In den vergangenen Jahren konnten einige Kommunen am Oberrhein als Mitglieder gewonnen werden. Die bereits spürbaren Folgen des Klimawandels machen eine überregionale Zusammenarbeit wichtiger denn je. Für die HWNG wäre daher ein Lückenschluss bezüglich der Mitglieder am Rhein wünschenswert, auch wenn es nicht immer einfach ist, die Interessen von Ober- und Unterliegern zu vereinbaren. Wenn man die Hochwasservorsorge effizienter voranbringen will, lohnt es sich dennoch, die kommunalen Interessen zu bündeln und ein gemeinsames Sprachrohr auf höherer Ebene zu schaffen.
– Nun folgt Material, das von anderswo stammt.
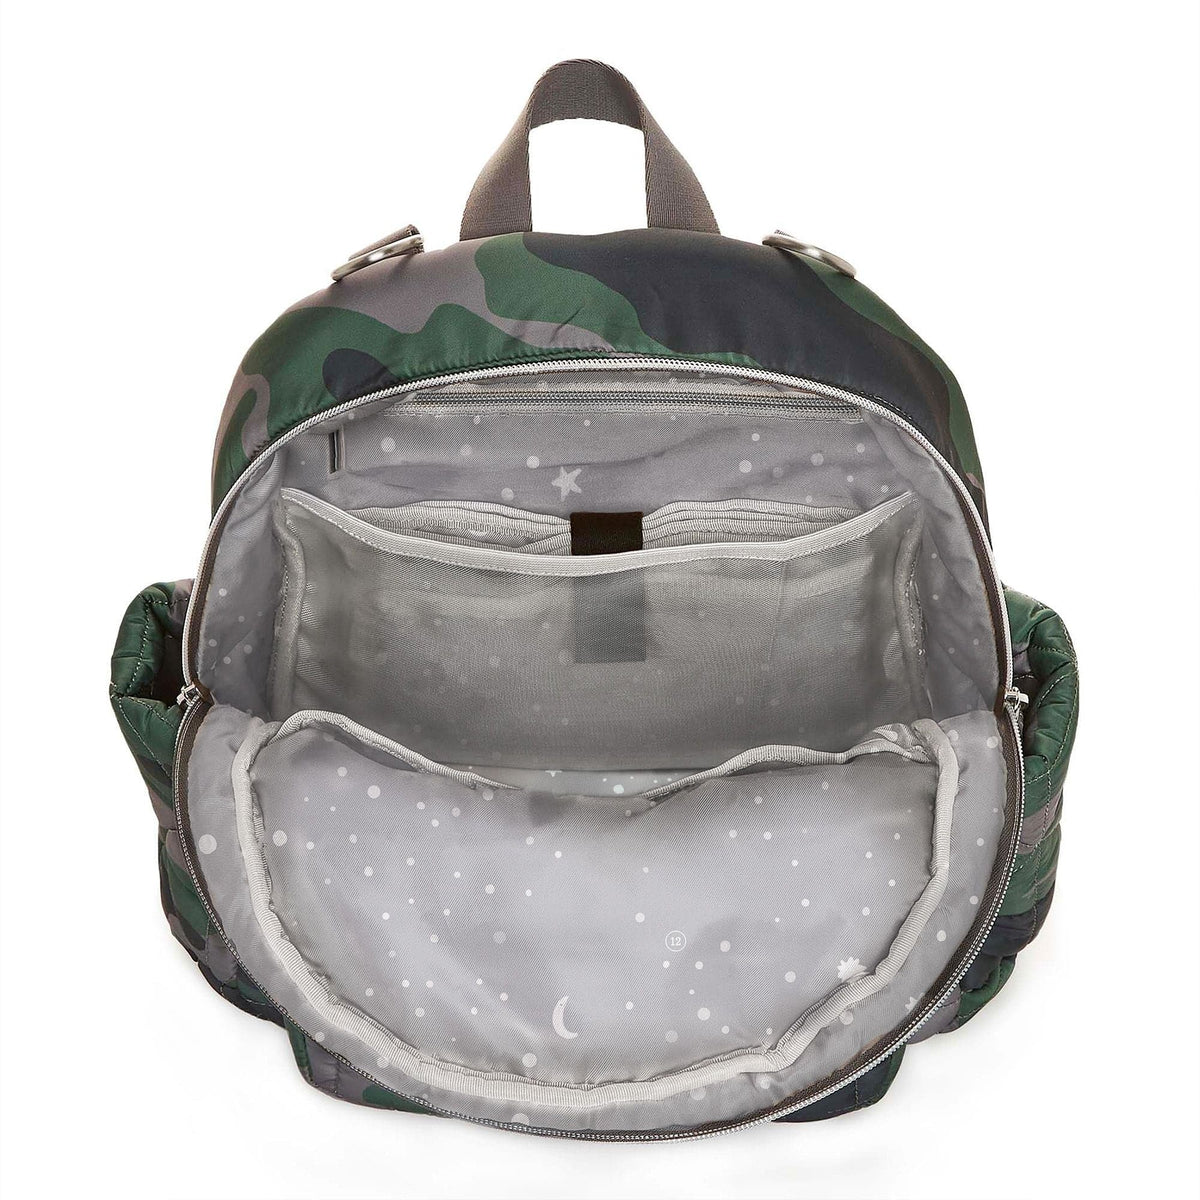 TWELVElittle Little Companion Diaper Bag Backpack

Vorsitzende der HWNG Rhein ist Ulrike Franzke, Vorständin der StEB Köln. Sie übernahm die Führung des Vereins Ende 2022 vom langjährigen Vorsitzenden und ehemaligen Oberbürgermeister von Andernach, Achim Hütten. Die Geschäftsführung der HWNG ist beim Gemeinde- und Städtebund Rheinland-Pfalz (GStB) angesiedelt.

Ute Eifler


Die Autorin

Dr. Ute Eifler ist Referentin der Hochwassernotgemeinschaft Rhein (HWNG) in Mainz.